Bütün bunları anlatırken Celile ninenin gözünden yaşlar damlıyor halde konuşmasına devam ediyordu. “ Babam Hacıtalip ölmüş ve biz yalnız kalmıştık. Babam öldüğünde ben beş yaşında imişim. Kardeşlerim benden büyüktü. Babam öldükten sonra, bizlere yine İsmail efendi sahip çıkmış. Annem Rabia ve bizler Çokdeğirmen Köyünde yaşamaya devam ettik. Ben onsekiz yaşına gelmiştim. Ağabeyim Cemal Köyde terzilik yapıyordu. Ağabeyimin dürüstlüğünü ve Hacıtalip’i de çok seven İsmail efendi muhteşem bir düğünle, kızını ağabeyim Cemal ile evlendirdi. Kardeşim terzi idi, Bütün askeriyenin ve köylünün elbiselerini o dikerdi, etrafında çok sevilen biriydi. Eskiçokdeğirmen Köyünde çok sevilen bir aile olmuştuk. Fakat ne çare ki, bizi yine çekemeyen aileler vardı. Kötü insanlar kötülüklerini bırakmıyorlardı. Bir gün Eski çok değirmen köyünden Küşnafak (Akçadere) köyüne kız kaçırmışlar. Bu arada, bize husumet bağlayan insanlar, ağabeyim Cemal’ ın haberi olmadığı halde Jandarmaya, onun haberi var diye ihbar etmişler ve ağabeyime karakola gelmesi için asker yollamışlar.
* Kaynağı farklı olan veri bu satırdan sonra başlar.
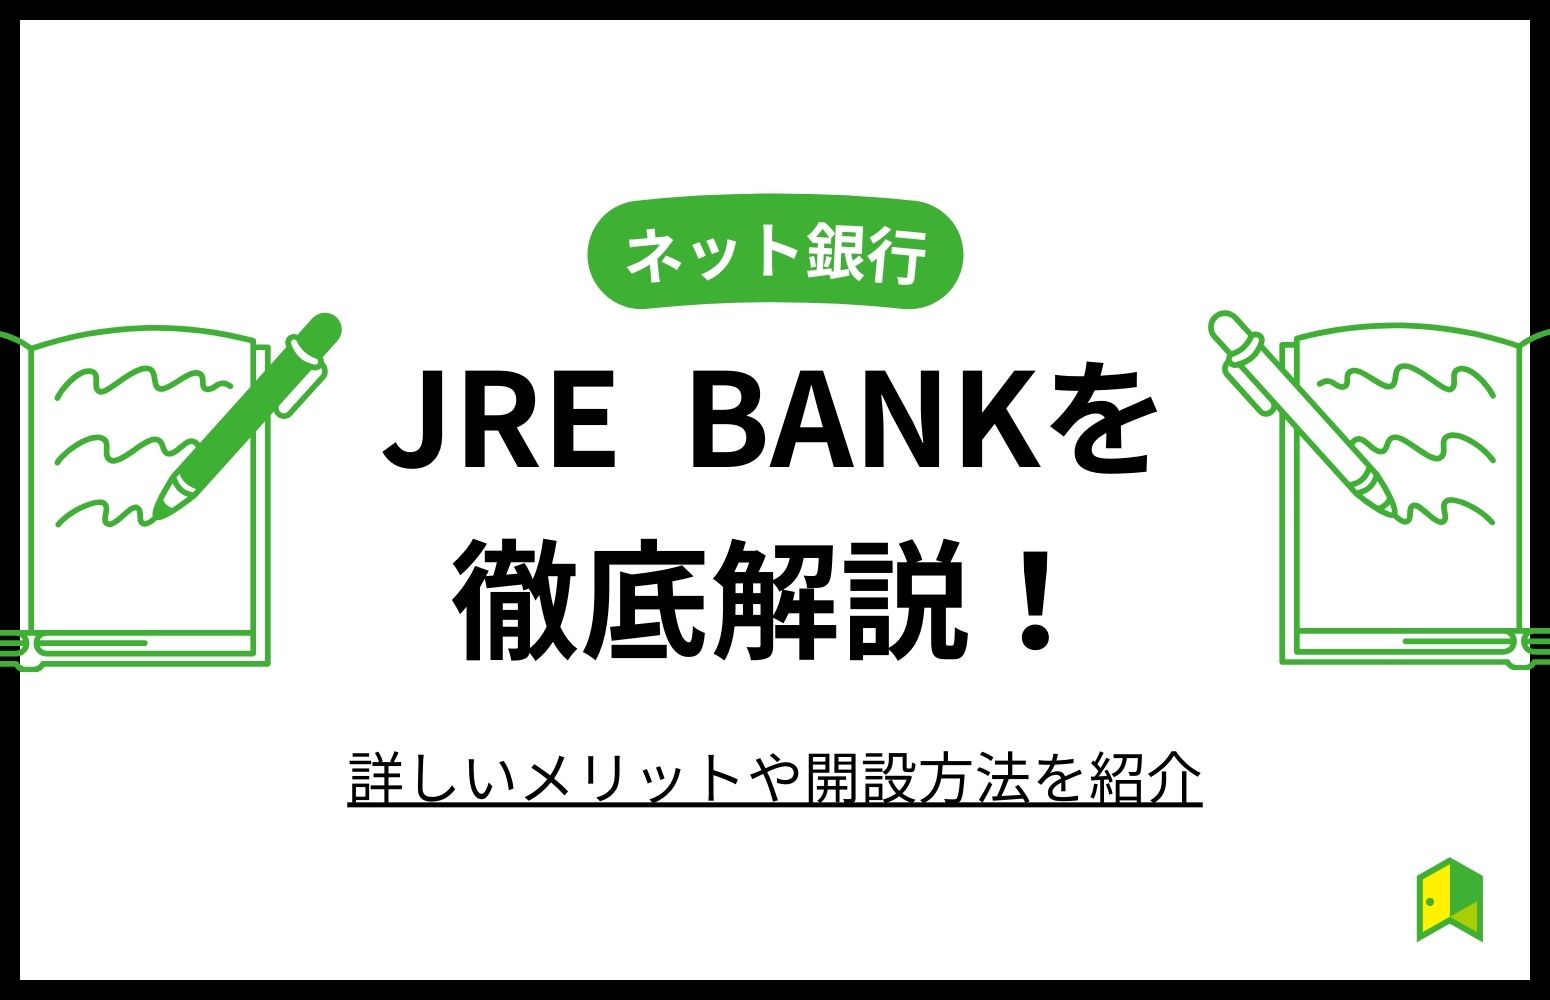 JR東日本のネット銀行 JRE BANKが始まる！詳しいメリットや開設方法を紹介

Bu olayı gururuna yediremeyen ağabeyim jandarmanın evin önünde beklediğinden habersiz olduğu için, evinin arka kapısından çıkıp giderken Asker: “Cemal abi gitme sadece, karakola gitmemiz gerekir” demiş gelmeyince de, bir el korkutmak maksadı ile ayağının dibine ateş etmiş. Fakat kurşun ağabeyime isabet etmiş. Ağabeyim de babam gibi genç yaşta gitmiş ve geride gözü yaşlı bir eş ve iki yetim çocuk kalmıştır” 
Celile Nine’ nin o ihtiyarlamış vücudu titriyor, yaşlılığını hissettirmeyen gözlerinde damlacıklar akıyordu. Ağlıyordu, bunları anlatırken. Babasını çocuk yaşta kaybetmiş ve arkasından bütün ümidini bağladığı en çok sevdiği ağabeyini de kaybetmişti. Şimdi ne olacaktı. Çok değirmende kaldıkları süre içersinde Onlara yine İsmail efendi yardımcı olmuş. Onları korumuştur. Fakat yine rahatsızlıklar devam edince baba ocağına Fizme Karapınar Mahallesine dönmek zorunda kalmışlar. Bunda sonra neler olmuş yine Celile Nineden dinleyelim. 
“Ben yirmi yaşına gelmiştim. Çokdeğirmendeki evimizi ocağımızı bırakıp Nesime ve Talip iki yetim çocuk annem Rabia ve ben, ağabeyimin hanımı İsmail efendinin kızı Hatice’ hanım ile birlikte, baba ocağına döndük. Bir süre sonra Abeyimin hanımı çok genç olduğundan, Babası İsmail efendinin de isteği üzerine geri Çokdeğirmen köyüne baba ocağına gitti. Çocukları (Nesime ve Talibi) diğer kardeşlerim annesine vermediler. Kardeşlerim Fahri ile Mahmut gittiler geldiler, Çokdeğirmen deki bütün arazileri sattılar. Daha sonra vurulan Cemal ağabeyimin hanımının Rize ye evlendiğini öğrendik” 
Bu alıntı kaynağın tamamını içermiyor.